Re: Fixing NFS

Sage Weil <sage@xxxxxxxxxxxx> · Mon, 7 Feb 2011 19:33:45 -0800 (PST)

On Mon, 7 Feb 2011, Brian Chrisman wrote:
> On Thu, Feb 3, 2011 at 9:52 AM, Tommi Virtanen
> <tommi.virtanen@xxxxxxxxxxxxx> wrote:
> > On Thu, Feb 03, 2011 at 09:29:32AM -0800, Sage Weil wrote:
> >> Which leaves us with a final problem: what if the fh is generated for
> >> /foo/bar, but bar is renamed to /baz/bar, bar drops out of all caches, and
> >> the client tries to use the fh.  We're still stuck with ESTALE in that
> >> case.  The only real solution there is to include a backpointer on the
> >> file's data object.  This is doable, but comes at a cost.  We could make
> >> it optional, and/or mitigate it somewhat (backpointer is only created once
> >> a file is renamed, or something like that).
> >>
> >> I'm not really sure to what lengths a server is supposed to go to avoid
> >> ESTALE.  I seem to remember that NFSv4 has a different class of fh's that
> >> are allowed to expire.  I'm not sure how that helps, though; it seems
> >> likeif a client has a file open that is renamed by another node and then
> >> idle for long enough and then tries to read it'll still be screwed,
> >> regardless of what the server does/does not promise the client.
> >
> > NFSv4 volatile filehandles move away from the whole "stale"
> > terminology into "expiring" filehandles, which a client SHOULD recover
> > from, and that's said with fairly strong language in RFC3530. The
> > volatile filehandles may go away at any moment (for FH4_VOLATILE_ANY).
> >
> > The RFC suggests clients remember the full path of every volatile
> > filehandle, and points out that doesn't let you recover if someone
> > else renamed the file.. which means your "final problem" above is
> > still a problem, and smells unavoidable.
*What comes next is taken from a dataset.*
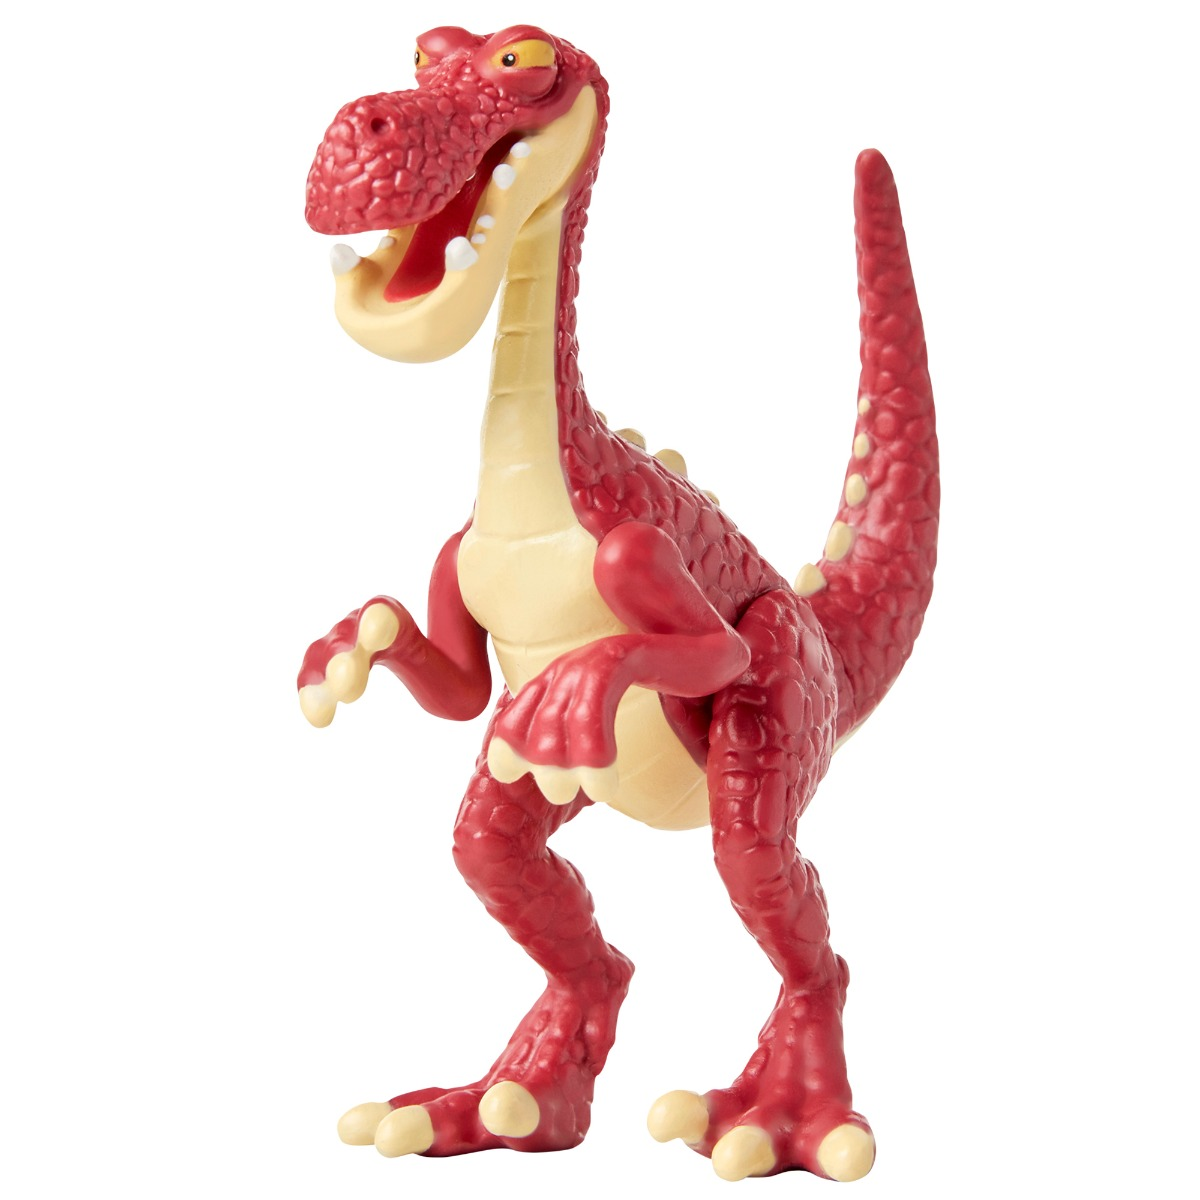 Figurina articulata dinozaur Gigantosaurus, Totor

But at least shifting
> > responsibility for remembering the path to the client makes recovery
> > easy in the typical case.
> >
> > If the real-world support is there, I'd say NFSv4 is the way to go,
> > for future Ceph re-exporting.
> 
> 
> I was playing around with implementing this.  I was trying to get the
> ceph client's export functions to return NFS4ERR_FHEXPIRED instead of
> ESTALE (hoping that my nfs4 clients would then attempt the full lookup
> again).  I noticed also that the mds itself can also return an ESTALE
> to the ceph kernel client, which seems to be getting propagated back
> to the NFS client.  I'm wondering where I could intercept that and
> send back an expiry notice?

I believe the only place an actual MDS call is exposed to an NFS export is 
in export.c's __cfh_to_dentry().  This is where the ino search is going to 
need to get more sophisticated (at least on the client side).

An ESTALE from the MDS generally means the starting ino in the request 
isn't in the cache.  You can try all MDSs for one that has it.  Beyond 
that, we'll need to implement more smarts on the server side!

sage